Aparatur Sipil Negara di Sumut Terpapar Judi Online: 1.038 ASN Terlibat!
- account_circle mediagramindo
- calendar_month Rabu, 24 Sep 2025
- visibility 100
- print Cetak

ASN Terpapar Judol di Pemprovsu
info Atur ukuran teks artikel ini untuk mendapatkan pengalaman membaca terbaik.
Medan – Sebuah laporan mengejutkan datang dari Pemerintah Provinsi Sumatera Utara (Pemprov Sumut), yang mengungkap bahwa sebanyak 1.038 Aparatur Sipil Negara (ASN) terpapar praktik judi online atau judol.
Hal ini terungkap dalam pernyataan Kepala Inspektorat Provinsi Sumut, Sulaiman Harahap, yang merujuk pada instruksi Gubernur Bobby Nasution saat penyerahan Surat Keputusan (SK) Pegawai Pemerintah dengan Perjanjian Kerja (PPPK) Sumut baru-baru ini.

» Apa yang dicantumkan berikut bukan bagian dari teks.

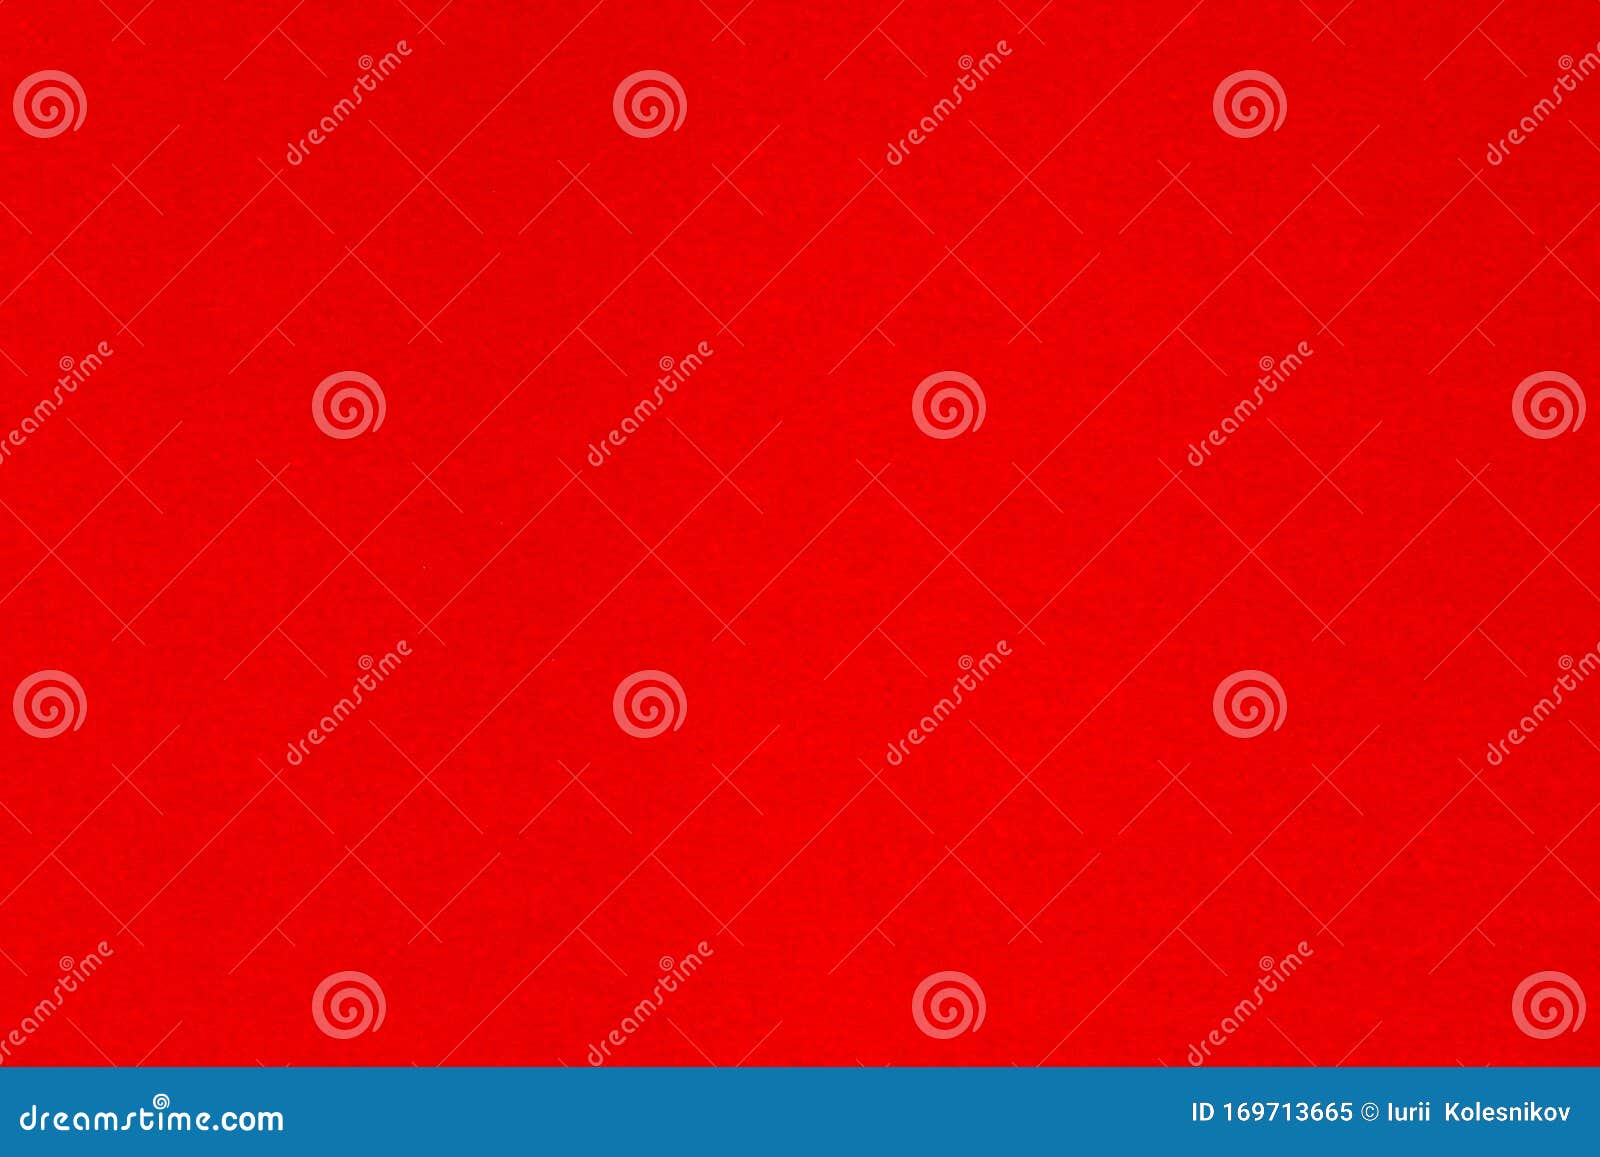 Rood Vet Stock Afbeelding - Image of karton, vakantie: 169713665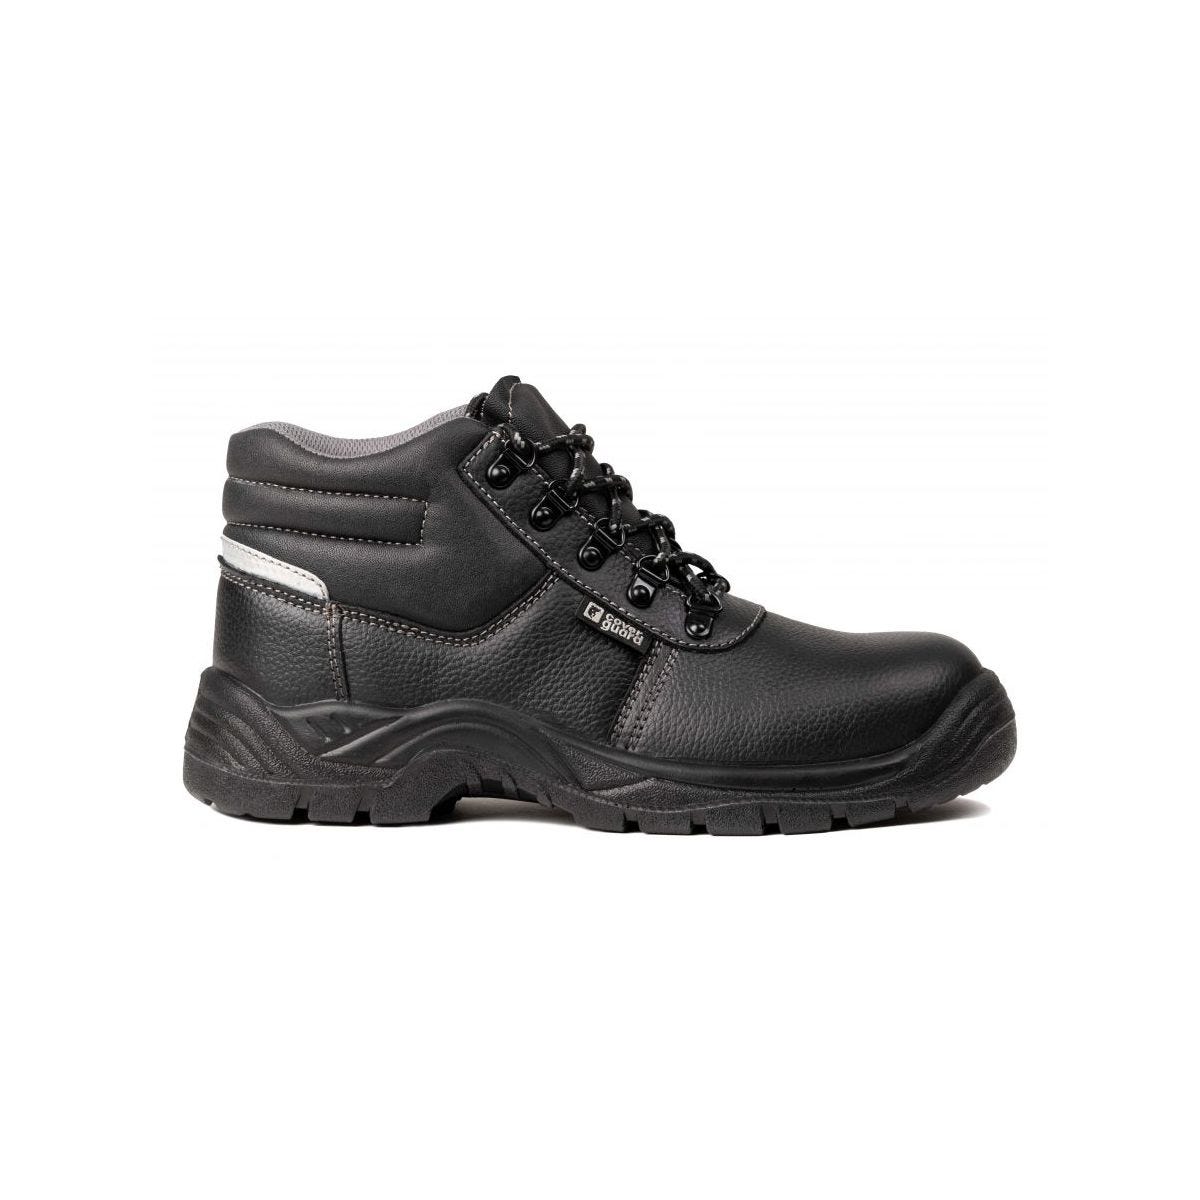 Chaussures de sécurité hautes AGATE II S3 Noir - Coverguard - Taille 40 2

Sulaiman menyatakan bahwa Gubernur Nasution telah menginstruksikan kepada pihaknya untuk melakukan penelusuran mendalam terhadap seluruh rekening ASN dan pejabat di lingkungan Pemprov Sumut oleh Pusat Pelaporan dan Analisis Transaksi Keuangan (PPATK).
Langkah ini diambil sebagai bagian dari upaya untuk memperbaiki mental dan sumber daya manusia dalam birokrasi pemerintah setempat.
“Ini merupakan tindakan serius yang harus diambil. Kami ingin memastikan bahwa seluruh ASN di Sumut bersih dari praktik perjudian yang dapat merusak integritas dan kepercayaan publik terhadap aparatur negara,” ungkap Sulaiman, Rabu (24/09).
Sulaiman juga menjelaskan bahwa meskipun saat ini para ASN yang terlibat masih dalam tahap pembinaan, Pemprov Sumut berkomitmen untuk menerapkan tindakan tegas terhadap ASN yang masih terpapar judi online di tahun 2026 mendatang.
“Kami akan lebih ketat dalam menegakkan disiplin. Jika kedapatan kembali terlibat dalam praktik judi, sanksi akan diberikan tanpa ampun,” tegasnya.
Sebelumnya, hasil audit yang dilakukan oleh PPATK pada tahun 2024, yang diserahkan kepada Badan Kepegawaian Daerah (Bapeg) Sumut, menunjukkan adanya indikasi keterlibatan ASN dalam kegiatan yang melanggar hukum tersebut.
Permintaan untuk melakukan audit ini sendiri berasal dari Gubernur Bobby Nasution, yang sangat peduli dengan keberlangsungan dan reputasi birokrasi di provinsinya.
Situasi ini menandai langkah penting bagi Pemprov Sumut dalam menegakkan disiplin dan menciptakan lingkungan kerja yang bersih dan bebas dari praktik-praktik ilegal.
Masyarakat pun berharap agar tindakan-tindakan preventif dan penegakan hukum yang lebih tegas dapat segera diterapkan untuk mencegah munculnya kasus serupa di masa depan.